Someone living with this might experience prolonged or heavy bleeding after an injury, surgery or dental work. Some may have spontaneous bleeding episodes without a clear cause.

Hemophilia B primarily affects men. Women can carry the disease, but many have no symptoms. About 10% to 25% of women carriers have mild symptoms, though in rare cases, women can have moderate or severe symptoms.

Hemophilia B occurs in about 1 in 40,000 people.

The disorder can lead to prolonged bleeding episodes and complications such as bleeding into joints, muscles or internal organs, including the brain. Even small cuts or bruises can be life-threatening.

Hemgenix is administered in a single intravenous infusion. It delivers a working gene for the clotting protein Factor IX to the liver, where it is made, according to the FDA.

In more standard treatment, patients with hemophilia B receive regular infusions of Factor IX replacement products, helping prevent bleeding episodes.

Researchers studied the safety and effectiveness of the new gene therapy in 57 men between 18 and 75 with severe or moderately severe hemophilia B.

In one study with 54 participants, the group had a decreased need for routine Factor IX replacement and a 54% reduction in what is known as annualized bleeding rate.
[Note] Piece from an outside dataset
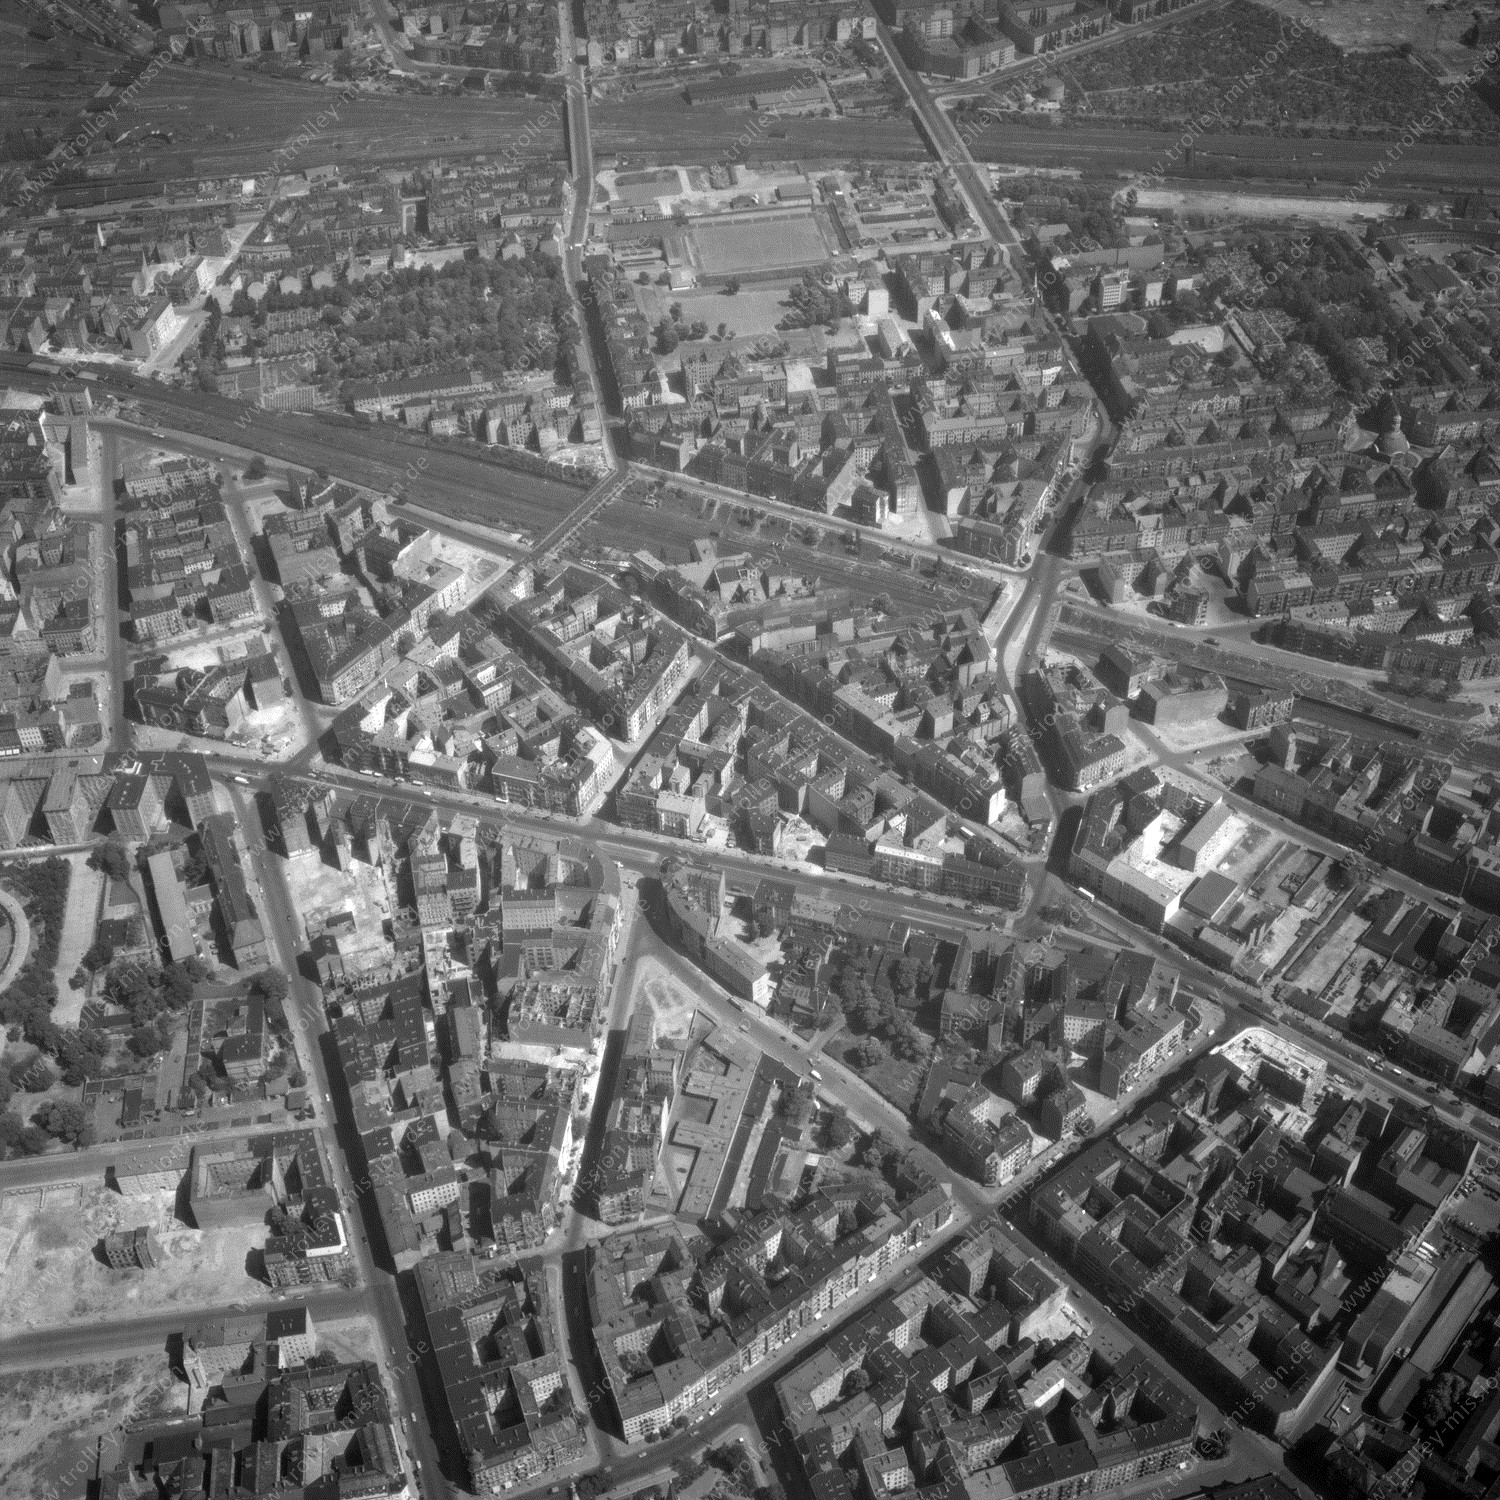 Alte Fotos und Luftbilder von Berlin - Luftbildaufnahme Nr. 02 - Historische Luftaufnahmen von West-Berlin aus dem Jahr 1954 - Flugstrecke Golf

Side effects of Hemgenix included higher liver enzymes, headache, mild infusion-related reactions and flu-like symptoms.

Earlier this year, European regulators approved a similar therapy for people with hemophilia A, the more common form of the disease. The FDA is still reviewing that therapy, according to the AP.

More information:
The National Organization for Rare Diseases has more on hemophilia B.